Perhaps the most exciting thing about VariableScope
is that you can look up the VariableScope
of your calling method. Check this out:
def root
x = 1
["a", "b", "c"].each do |item|
call_me
end
end
def call_me
sender = Rubinius::VariableScope.of_sender
p [:parent, sender.parent.locals]
p [:item, sender.locals]
end
root
In this case, you can get the VariableScope
of the caller, and get any live information from it. In this case, you can tell that the method was called from inside a block, what the locals inside the block contain, and what block contexts exist up to the method root. This is extremely powerful, and gives you a level of introspection into a running Ruby program heretofore not possible (or very difficult). Better yet, the existence of this feature doesn't slow down the rest of the program, because Rubinius uses it internally for common Ruby functionality like the implementation of private
and protected
.
Implementing caller_locals
Now that we understand the VariableScope object, what if we want to print out a list of all of the local variables in the caller of a method.
def main
a = "Hello"
[1,2,3].each do |b|
say_hello do
puts "#{a}: #{b}"
end
end
end
def say_hello
# this isn't working as we expect, and we want to look at
# the local variables of the calling method to see what's
# going on
yield
ensure
puts "Goodbye"
end
Let's implement a method called caller_locals
which will give us all of the local variables in the calling method. We will not be able to use VariableScope.of_sender
, since that only goes one level back, and since we will implement caller_locals
in Ruby, we will need to go two levels back. Thankfully, Rubinius::VM.backtrace
has the information we need.
Rubinius::VM.backtrace
takes two parameters. The first is the number of levels back to start from. In this case we want to start two levels back (the caller will be the say_hello
method, and we want its caller). The second parameter indicates whether the Location
objects should contain the VariableScope
, which is what we want.
NOTE: Yes, you read that right. In Rubinius, you can obtain a properly object-oriented backtrace object, where each entry is a Location
object. Check out kernel/common/location.rb
to see the definition of the class.
In this case, if we pass true
, to Rubinius::VM.backtrace
, each Location
will have a method called variables
, which is a Rubinus::VariableScope
object.
def caller_locals
variables = Rubinius::VM.backtrace(2, true).first.variables
end
The next thing you need to know is that each block in a method has its own VariableScope
and a parent
pointing at the VariableScope
for the parent block.
Each VariableScope
also has a pointer to its method
, an object that, among other things, keeps a list of the local variable names. These lists are both ordered the same.

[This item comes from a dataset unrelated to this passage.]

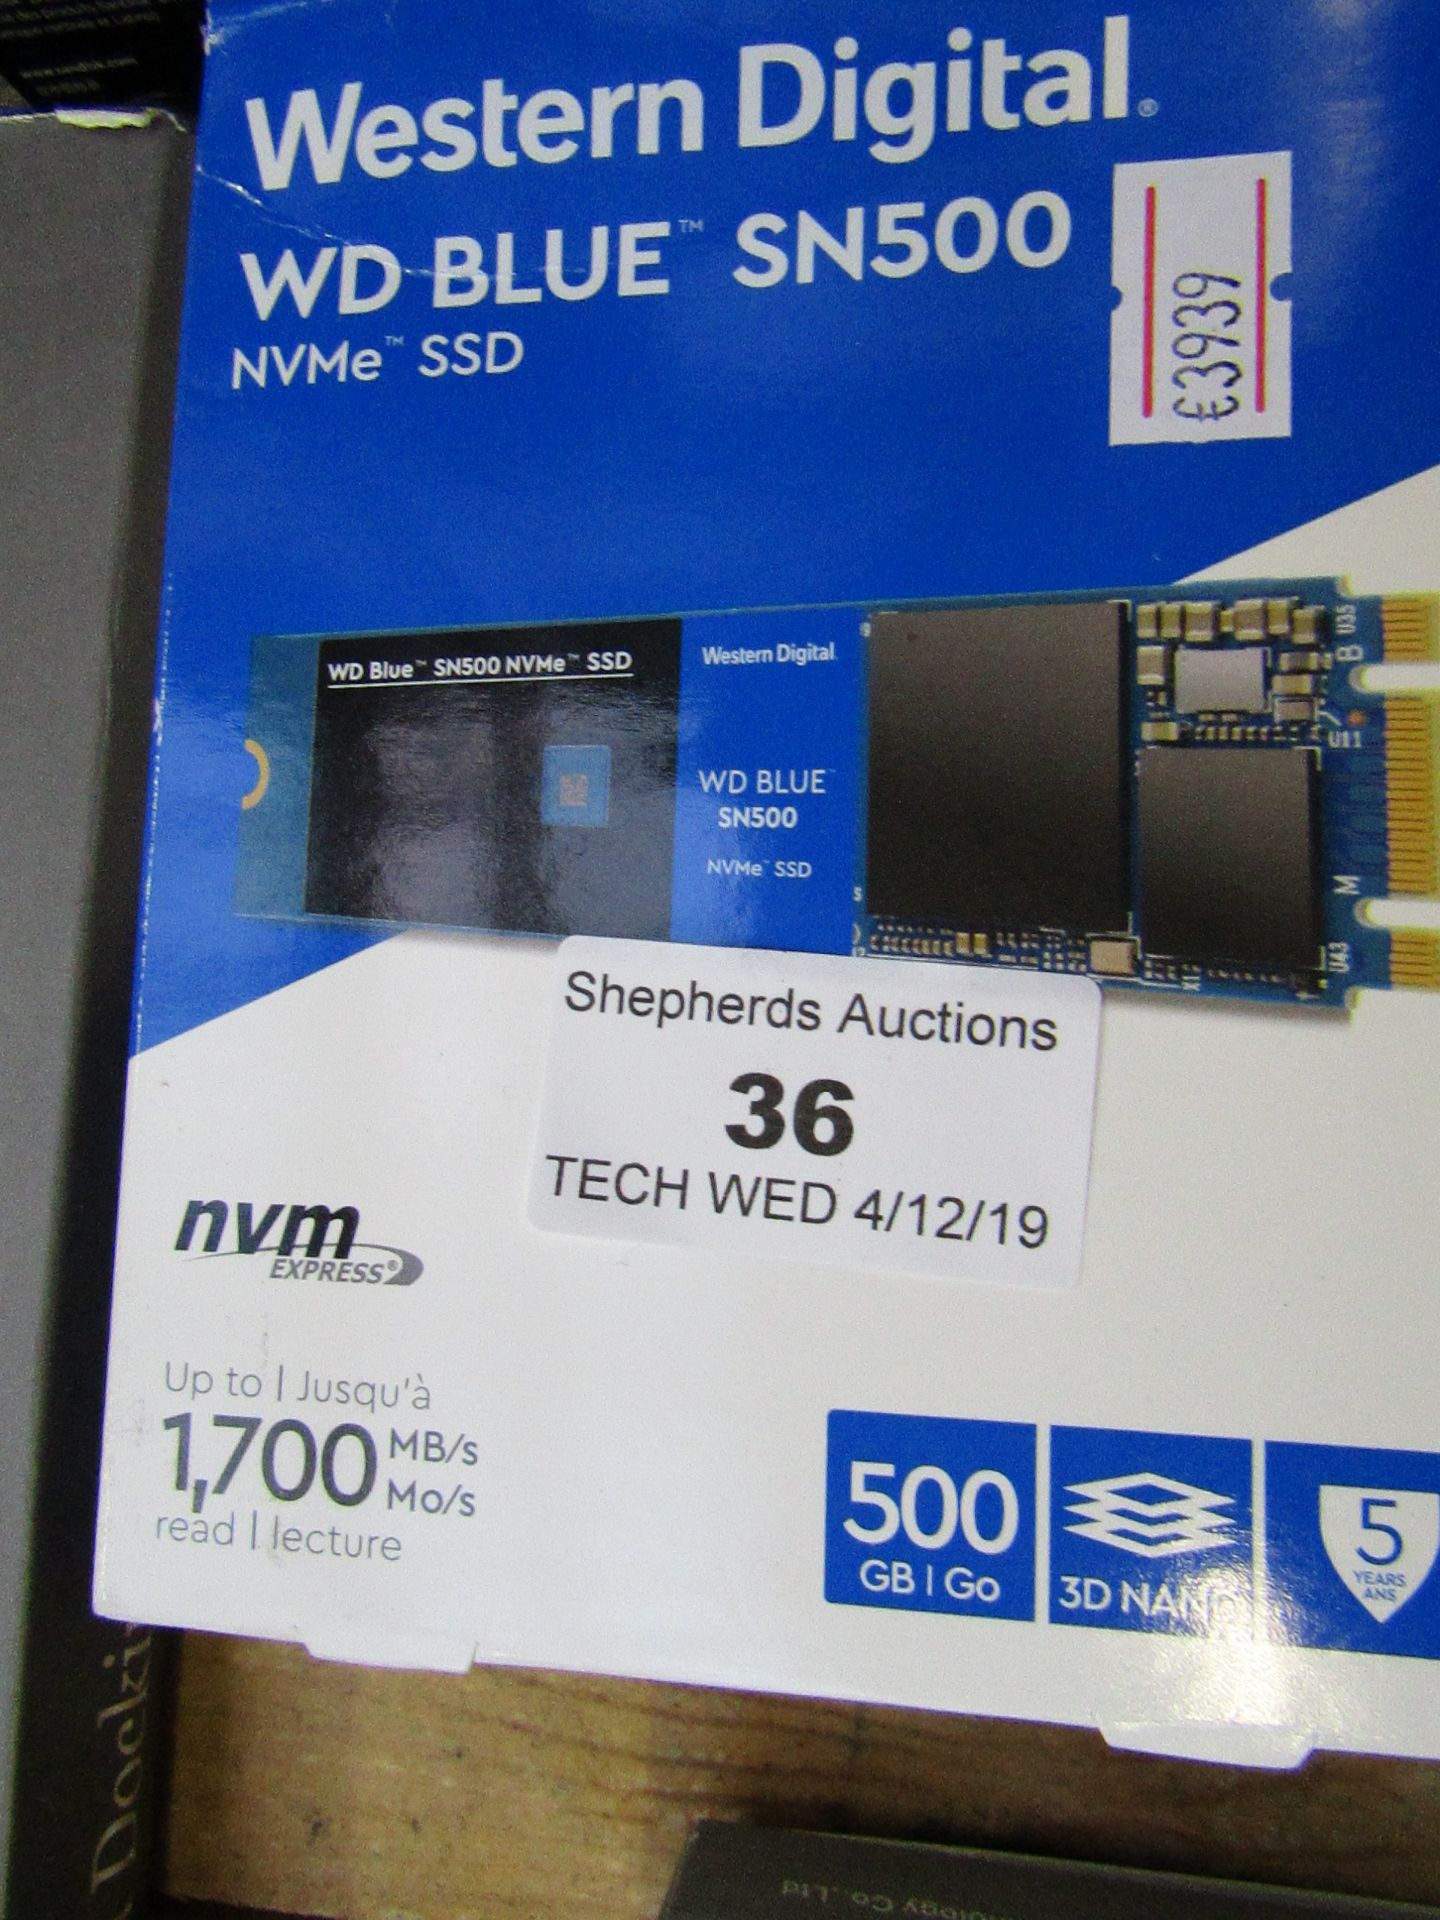 Western Digital WD Blue SN500 500BB SSD, boxednad unchecked.

To collect up the locals from the caller, we will walk this chain of VariableScope
objects until we get nil.
def caller_locals
variables = Rubinius::VM.backtrace(2, true).first.variables
locals = []
while variables
names = variables.method.local_names
values = variables.locals
locals << Hash[*names.zip(values).flatten]
variables = variables.parent
end
locals
end
This will return an Array of local variable Hashes, starting from the caller's direct scope and working up to the method body itself. Let's change the original method to use caller_locals
:
def say_hello
# this isn't working as we expect, and we want to look at
# the local variables of the calling method to see what's
# going on. Let's use caller_locals.
p caller_locals
yield
ensure
puts "Goodbye"
end
If we run the program now, the output will be:
[{:b=>1}, {:a=>"Hello"}]
Goodbye
[{:b=>2}, {:a=>"Hello"}]
Goodbye
[{:b=>3}, {:a=>"Hello"}]
Goodbye
This is just the tip of the iceberg of what is possible because of Rubinius' architecture. To be clear, these features are not accidents; because so much of Rubinius (including things like backtraces), it is forced to expose details of the internals to normal Ruby program. And because the Rubinius kernel is real Ruby (and not some kind of special Ruby subset), anything that works in the kernel will work in your Ruby code as well.